BRIEF: The line containing "Max Mara Short" marks the end, so write out exactly every line from the top of the entries below through that one.

RECORDS TO USE:
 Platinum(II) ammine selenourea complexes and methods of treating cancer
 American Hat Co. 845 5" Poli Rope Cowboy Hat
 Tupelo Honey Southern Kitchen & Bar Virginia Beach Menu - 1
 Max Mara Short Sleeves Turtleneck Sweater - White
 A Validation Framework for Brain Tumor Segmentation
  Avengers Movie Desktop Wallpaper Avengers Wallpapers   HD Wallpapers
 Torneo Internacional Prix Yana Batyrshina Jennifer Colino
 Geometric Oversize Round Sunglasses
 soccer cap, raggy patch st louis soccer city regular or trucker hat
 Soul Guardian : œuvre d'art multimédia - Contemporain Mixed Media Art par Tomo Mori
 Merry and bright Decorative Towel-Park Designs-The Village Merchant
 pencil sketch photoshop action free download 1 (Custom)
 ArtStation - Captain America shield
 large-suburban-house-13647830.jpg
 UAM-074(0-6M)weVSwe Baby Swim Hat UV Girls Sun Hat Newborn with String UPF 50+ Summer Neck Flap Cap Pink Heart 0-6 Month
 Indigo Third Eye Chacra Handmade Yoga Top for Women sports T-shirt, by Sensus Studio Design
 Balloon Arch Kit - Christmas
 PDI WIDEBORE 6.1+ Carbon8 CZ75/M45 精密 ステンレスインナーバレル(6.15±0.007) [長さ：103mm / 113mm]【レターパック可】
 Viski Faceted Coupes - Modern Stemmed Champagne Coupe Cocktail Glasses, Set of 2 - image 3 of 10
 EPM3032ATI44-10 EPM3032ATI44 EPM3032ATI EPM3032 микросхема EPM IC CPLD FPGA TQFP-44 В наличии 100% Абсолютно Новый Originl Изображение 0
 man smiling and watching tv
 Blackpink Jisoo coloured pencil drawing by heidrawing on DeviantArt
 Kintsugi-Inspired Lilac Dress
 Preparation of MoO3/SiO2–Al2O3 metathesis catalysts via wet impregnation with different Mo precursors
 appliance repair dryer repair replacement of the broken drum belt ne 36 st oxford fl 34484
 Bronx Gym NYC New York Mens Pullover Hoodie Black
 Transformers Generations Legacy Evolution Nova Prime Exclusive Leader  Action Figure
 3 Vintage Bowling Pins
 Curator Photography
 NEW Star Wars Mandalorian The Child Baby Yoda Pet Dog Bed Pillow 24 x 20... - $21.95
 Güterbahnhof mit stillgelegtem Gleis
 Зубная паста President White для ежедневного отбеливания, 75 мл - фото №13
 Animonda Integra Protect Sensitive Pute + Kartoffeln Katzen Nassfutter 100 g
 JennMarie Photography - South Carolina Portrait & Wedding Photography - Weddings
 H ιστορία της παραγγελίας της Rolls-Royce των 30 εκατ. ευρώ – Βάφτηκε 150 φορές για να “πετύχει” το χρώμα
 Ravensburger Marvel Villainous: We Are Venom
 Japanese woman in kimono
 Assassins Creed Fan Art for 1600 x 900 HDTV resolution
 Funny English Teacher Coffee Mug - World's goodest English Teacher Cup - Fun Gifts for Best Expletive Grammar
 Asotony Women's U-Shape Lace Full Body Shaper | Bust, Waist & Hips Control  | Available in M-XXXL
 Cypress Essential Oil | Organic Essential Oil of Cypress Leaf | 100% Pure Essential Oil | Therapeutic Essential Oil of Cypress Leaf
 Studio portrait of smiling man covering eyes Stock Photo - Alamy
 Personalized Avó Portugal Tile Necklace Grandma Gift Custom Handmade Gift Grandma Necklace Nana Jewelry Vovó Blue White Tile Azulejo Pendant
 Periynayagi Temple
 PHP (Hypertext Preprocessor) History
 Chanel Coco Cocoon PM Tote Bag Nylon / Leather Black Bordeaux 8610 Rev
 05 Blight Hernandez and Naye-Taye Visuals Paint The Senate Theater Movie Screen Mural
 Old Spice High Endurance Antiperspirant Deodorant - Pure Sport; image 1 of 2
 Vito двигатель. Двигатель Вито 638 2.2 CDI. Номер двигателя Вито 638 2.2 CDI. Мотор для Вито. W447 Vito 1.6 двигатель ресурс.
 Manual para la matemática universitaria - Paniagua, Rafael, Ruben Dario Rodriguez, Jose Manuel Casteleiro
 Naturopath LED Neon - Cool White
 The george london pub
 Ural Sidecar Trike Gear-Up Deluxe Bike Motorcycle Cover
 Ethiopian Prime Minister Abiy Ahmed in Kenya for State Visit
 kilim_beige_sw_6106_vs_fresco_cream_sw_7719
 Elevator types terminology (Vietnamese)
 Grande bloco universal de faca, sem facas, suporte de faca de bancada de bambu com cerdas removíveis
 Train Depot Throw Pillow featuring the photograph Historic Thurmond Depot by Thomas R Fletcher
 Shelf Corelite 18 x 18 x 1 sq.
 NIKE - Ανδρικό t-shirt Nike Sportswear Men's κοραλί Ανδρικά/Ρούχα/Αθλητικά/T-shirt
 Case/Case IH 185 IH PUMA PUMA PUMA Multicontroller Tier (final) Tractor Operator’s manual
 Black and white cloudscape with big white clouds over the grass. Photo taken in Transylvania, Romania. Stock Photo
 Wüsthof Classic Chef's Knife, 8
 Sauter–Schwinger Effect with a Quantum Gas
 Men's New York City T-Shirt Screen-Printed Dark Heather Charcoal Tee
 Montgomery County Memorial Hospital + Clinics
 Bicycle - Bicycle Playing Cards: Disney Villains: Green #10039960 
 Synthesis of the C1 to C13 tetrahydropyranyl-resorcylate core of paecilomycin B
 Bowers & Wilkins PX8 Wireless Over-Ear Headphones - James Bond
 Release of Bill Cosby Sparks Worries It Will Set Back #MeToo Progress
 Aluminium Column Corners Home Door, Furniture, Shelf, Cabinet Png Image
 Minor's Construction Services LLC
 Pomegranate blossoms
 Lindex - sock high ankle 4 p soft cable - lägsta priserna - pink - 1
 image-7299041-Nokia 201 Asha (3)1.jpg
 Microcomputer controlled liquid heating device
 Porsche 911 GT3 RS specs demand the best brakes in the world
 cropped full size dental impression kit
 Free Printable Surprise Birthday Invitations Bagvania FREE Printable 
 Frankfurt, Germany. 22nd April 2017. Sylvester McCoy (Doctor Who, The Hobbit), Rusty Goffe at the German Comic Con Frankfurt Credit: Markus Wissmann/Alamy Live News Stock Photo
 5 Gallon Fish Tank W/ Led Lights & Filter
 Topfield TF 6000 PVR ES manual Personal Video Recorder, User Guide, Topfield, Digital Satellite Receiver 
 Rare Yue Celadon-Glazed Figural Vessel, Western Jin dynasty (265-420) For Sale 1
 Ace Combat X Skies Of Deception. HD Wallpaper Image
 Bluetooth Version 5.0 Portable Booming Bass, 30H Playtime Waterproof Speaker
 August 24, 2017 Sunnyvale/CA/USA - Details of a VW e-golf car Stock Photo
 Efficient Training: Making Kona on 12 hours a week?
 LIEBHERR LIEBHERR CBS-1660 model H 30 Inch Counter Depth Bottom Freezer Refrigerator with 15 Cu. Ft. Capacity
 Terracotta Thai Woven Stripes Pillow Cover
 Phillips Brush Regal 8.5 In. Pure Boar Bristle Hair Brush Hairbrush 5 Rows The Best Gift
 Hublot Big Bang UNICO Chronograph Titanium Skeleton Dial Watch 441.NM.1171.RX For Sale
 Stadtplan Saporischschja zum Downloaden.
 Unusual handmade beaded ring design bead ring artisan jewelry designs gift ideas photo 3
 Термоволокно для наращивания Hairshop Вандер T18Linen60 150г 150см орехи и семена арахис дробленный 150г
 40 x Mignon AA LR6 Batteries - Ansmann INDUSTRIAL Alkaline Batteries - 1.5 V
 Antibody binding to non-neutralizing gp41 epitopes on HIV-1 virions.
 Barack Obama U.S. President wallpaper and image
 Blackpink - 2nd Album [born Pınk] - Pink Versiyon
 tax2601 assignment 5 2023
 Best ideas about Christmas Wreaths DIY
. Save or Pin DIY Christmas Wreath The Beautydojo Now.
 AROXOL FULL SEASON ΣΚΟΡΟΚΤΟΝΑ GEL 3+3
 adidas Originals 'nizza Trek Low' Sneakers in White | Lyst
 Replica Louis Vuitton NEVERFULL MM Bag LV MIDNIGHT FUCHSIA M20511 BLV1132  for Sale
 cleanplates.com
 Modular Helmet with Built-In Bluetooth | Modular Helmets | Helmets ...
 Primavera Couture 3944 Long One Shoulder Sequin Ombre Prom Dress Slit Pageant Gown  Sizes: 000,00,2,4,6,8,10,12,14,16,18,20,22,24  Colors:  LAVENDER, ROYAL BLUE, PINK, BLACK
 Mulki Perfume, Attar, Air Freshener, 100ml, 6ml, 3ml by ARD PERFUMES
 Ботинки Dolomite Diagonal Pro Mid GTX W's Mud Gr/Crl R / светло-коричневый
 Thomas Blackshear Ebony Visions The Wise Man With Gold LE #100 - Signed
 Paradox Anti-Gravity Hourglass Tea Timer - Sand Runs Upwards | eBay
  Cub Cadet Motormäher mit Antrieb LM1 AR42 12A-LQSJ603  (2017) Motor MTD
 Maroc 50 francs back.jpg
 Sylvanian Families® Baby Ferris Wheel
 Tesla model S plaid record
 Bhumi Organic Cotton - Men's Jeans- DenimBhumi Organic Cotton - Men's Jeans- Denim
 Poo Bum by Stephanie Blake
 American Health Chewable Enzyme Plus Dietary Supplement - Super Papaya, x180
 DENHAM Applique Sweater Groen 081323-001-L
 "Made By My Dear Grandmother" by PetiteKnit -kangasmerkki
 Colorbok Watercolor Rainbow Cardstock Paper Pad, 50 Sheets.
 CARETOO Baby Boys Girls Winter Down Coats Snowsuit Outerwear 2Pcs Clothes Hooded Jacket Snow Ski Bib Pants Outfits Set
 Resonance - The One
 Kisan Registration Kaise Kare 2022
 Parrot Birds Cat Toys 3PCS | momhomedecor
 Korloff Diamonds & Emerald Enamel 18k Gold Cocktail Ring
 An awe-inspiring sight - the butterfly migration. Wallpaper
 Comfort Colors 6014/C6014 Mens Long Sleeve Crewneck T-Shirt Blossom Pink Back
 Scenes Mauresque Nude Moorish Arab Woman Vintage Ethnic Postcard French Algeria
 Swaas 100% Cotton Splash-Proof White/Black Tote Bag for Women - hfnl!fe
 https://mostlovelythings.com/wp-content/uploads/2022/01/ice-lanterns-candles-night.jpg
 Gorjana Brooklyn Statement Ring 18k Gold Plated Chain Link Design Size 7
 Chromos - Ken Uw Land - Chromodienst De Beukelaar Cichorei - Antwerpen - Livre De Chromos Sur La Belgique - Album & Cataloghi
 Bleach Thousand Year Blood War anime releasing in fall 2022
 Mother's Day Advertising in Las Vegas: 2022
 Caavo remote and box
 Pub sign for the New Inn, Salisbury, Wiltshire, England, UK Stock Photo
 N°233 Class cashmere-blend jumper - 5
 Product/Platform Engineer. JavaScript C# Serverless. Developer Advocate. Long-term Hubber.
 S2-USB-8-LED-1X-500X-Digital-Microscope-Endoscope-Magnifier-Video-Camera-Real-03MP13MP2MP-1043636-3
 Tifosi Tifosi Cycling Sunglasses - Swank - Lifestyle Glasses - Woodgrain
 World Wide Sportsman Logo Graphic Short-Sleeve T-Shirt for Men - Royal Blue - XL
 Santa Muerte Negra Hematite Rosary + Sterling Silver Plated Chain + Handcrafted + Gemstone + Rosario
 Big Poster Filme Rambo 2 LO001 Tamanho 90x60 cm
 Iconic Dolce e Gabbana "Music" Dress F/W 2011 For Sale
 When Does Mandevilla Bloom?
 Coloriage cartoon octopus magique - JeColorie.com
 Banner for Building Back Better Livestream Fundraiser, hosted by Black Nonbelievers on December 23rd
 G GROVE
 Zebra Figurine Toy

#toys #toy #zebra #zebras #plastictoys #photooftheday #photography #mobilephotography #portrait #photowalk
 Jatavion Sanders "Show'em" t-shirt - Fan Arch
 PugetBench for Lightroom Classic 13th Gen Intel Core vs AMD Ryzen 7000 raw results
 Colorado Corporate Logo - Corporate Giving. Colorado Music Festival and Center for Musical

REPLY:
 Platinum(II) ammine selenourea complexes and methods of treating cancer
 American Hat Co. 845 5" Poli Rope Cowboy Hat
 Tupelo Honey Southern Kitchen & Bar Virginia Beach Menu - 1
 Max Mara Short Sleeves Turtleneck Sweater - White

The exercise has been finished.